As of Friday the 17th of February, 2023, Andrew (Andy) Jassy announced via a public press release/Amazon News article, that all Amazon employees are to return to office starting May 1st, 2023.
There are a lot of thoughts and emotions being posted in internal Slack, and documented in Wiki, but the main rebuttal to RTO is that it strips individuals of their choice on where to work, what hours they work, and how they structure their work day.
After more than eight years working for Amazon Web Services, I can wholeheartedly agree with that statement. This request for everyone to work in office, is going to have detrimental knock-on effects for everyone.

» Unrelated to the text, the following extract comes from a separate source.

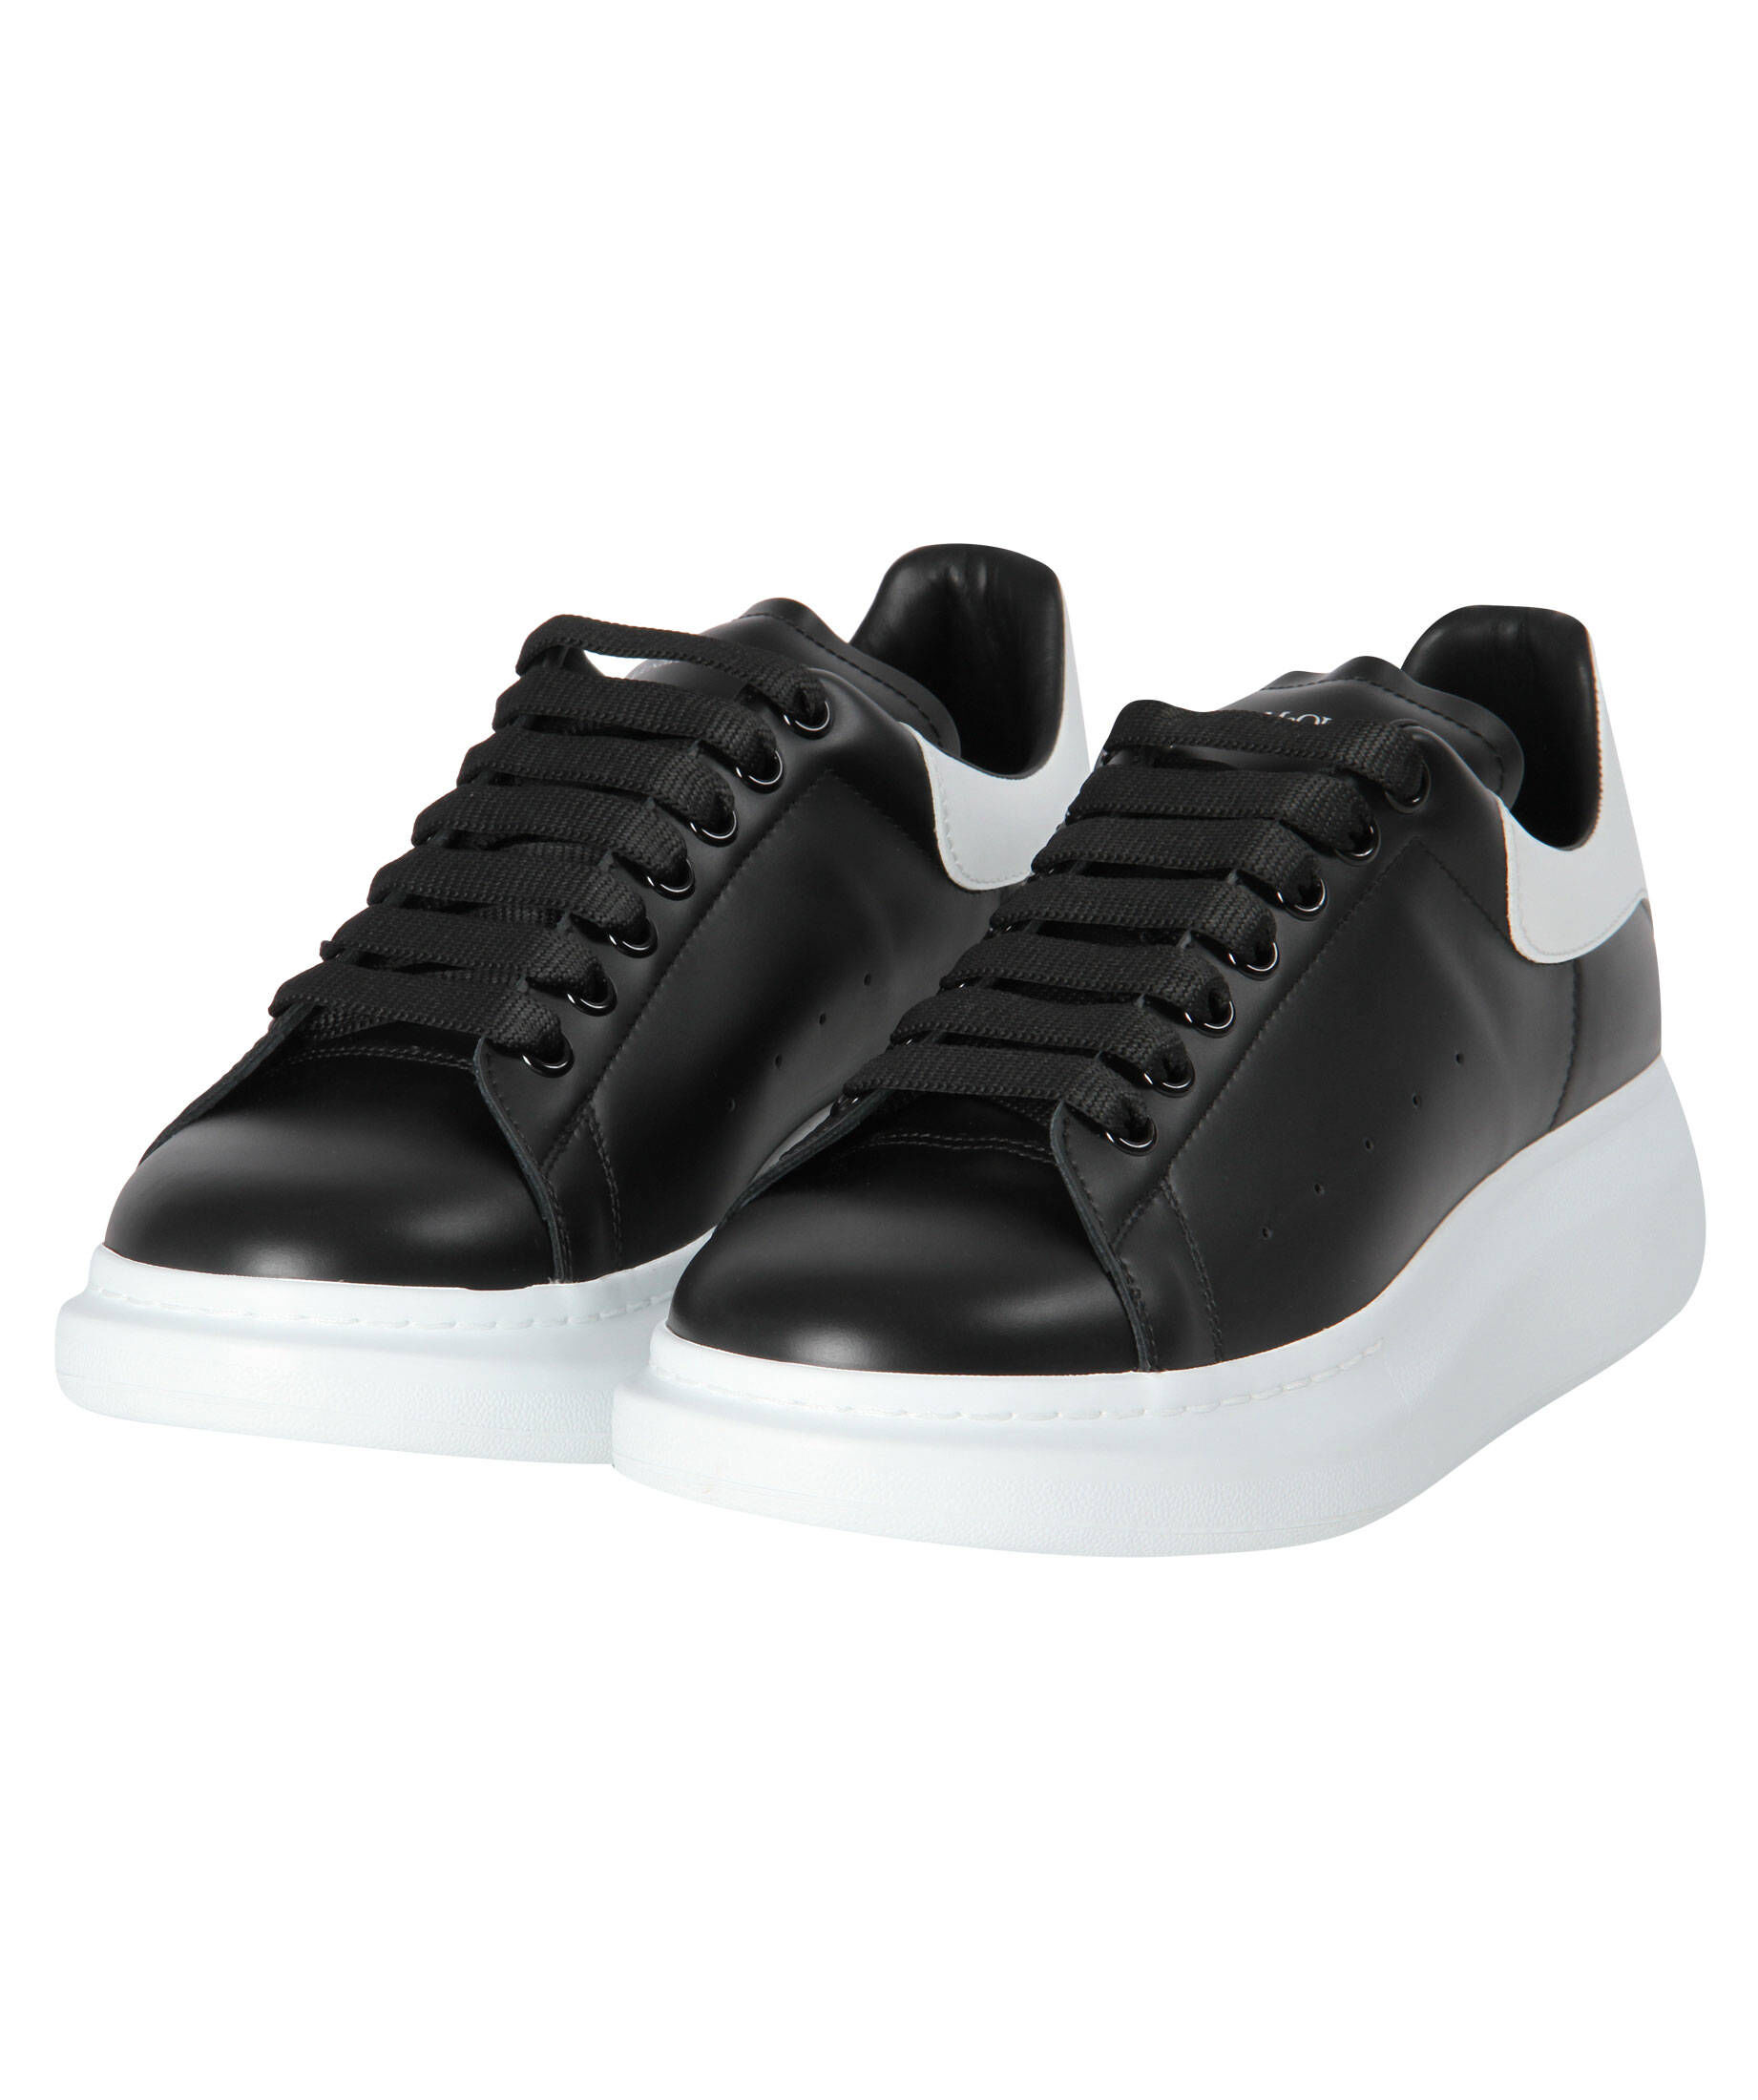 Alexander McQueen - Herren Sneakers - Blau - 705117WID6I-8827 | FRMODA.COM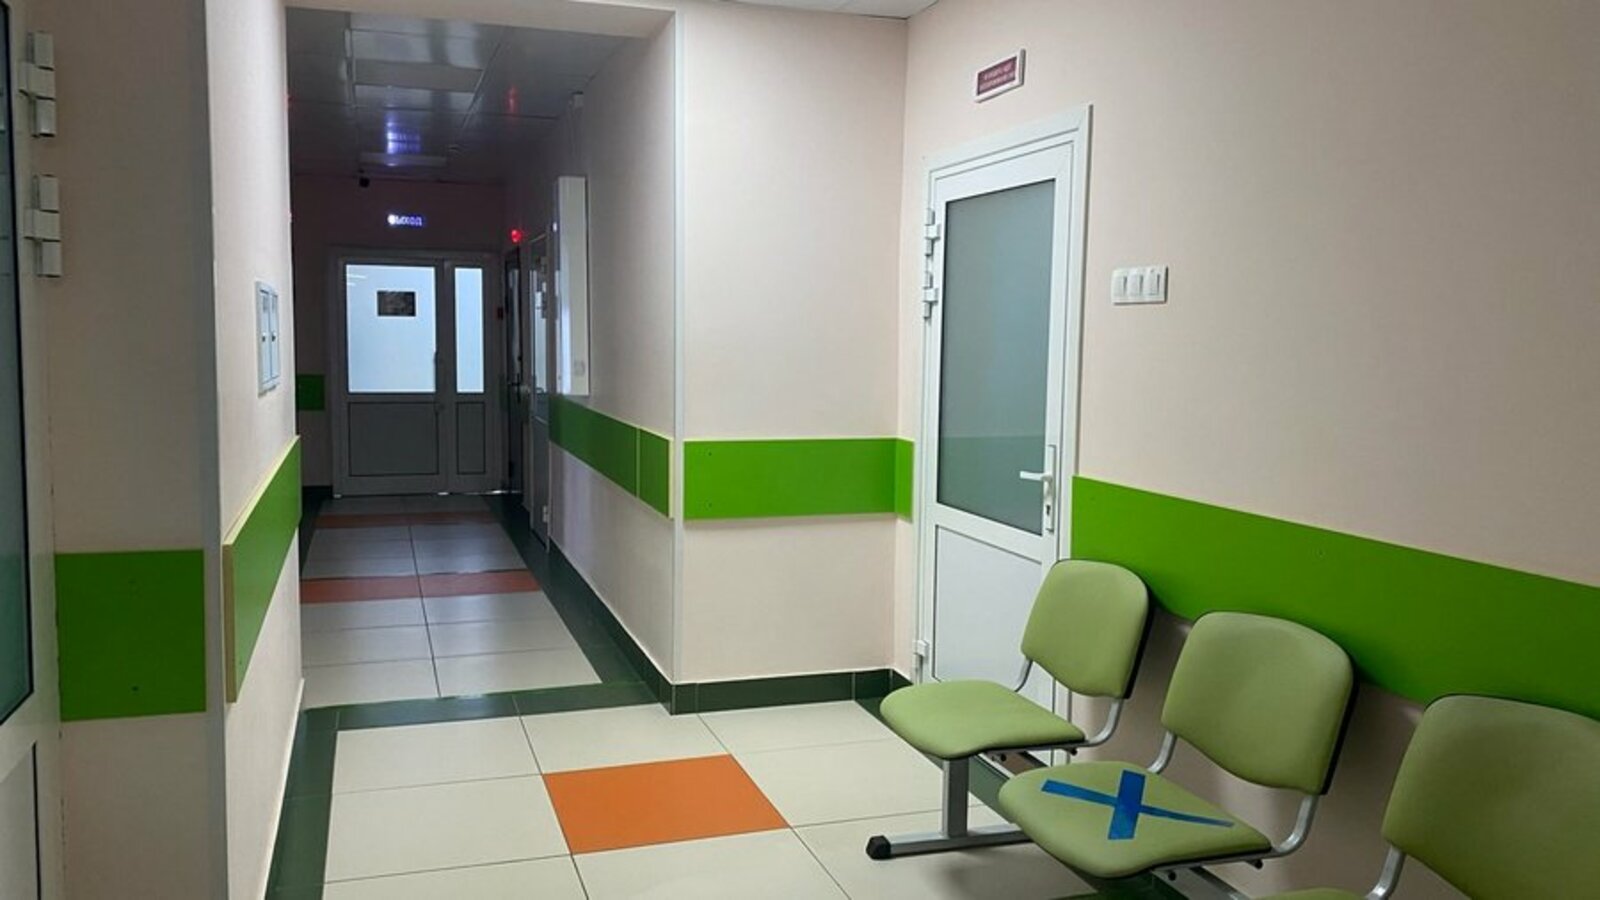 Три больницы Башкирии стали финалистами во всероссийском конкурсе

Working from home (WFH) has granted me the ability to care for and deeply connect with my two young sons since March 2020. Those moments cannot be bought. No amount of income can replace the time you have available to be with your kids.
Some of this extra time is spent working extended hours. It’s easy to do when you only have to walk a short distance back and forth from a home office. Or when you can bring a laptop to the kitchen and prepare lunch or dinner for family while answering messages or collaborating after-hours with colleagues on a Slack Huddle. Breaking up your day is also possible, especially when working with someone on the other side of world.
Need to occasionally trade midday hours for working at night? Easy to do when WFH. You want to take your child to swim lessons shortly after business hours? Manageable. Need to make an appointment near your home? Doable.
I have three hours of time in my day that would end up being wasted by driving between home and downtown Seattle. It would be four to five hours in commute time if I utilized public transit in the Puget Sound area. Not including time spent getting ready to leave home or leave the office, or drive my car to and from the transit station.
In the last 8 years, I’ve ridden from South Tacoma station to King Street Station by Train, and to the Mayday office by bus. In 2015 I purchased a motorcycle to make use of the HOV lane to speed up my commute and get away from the majority of distracted drivers on I-5. I watched as I-5 gridlocked later and later into the morning and evening, making commuting worse each year.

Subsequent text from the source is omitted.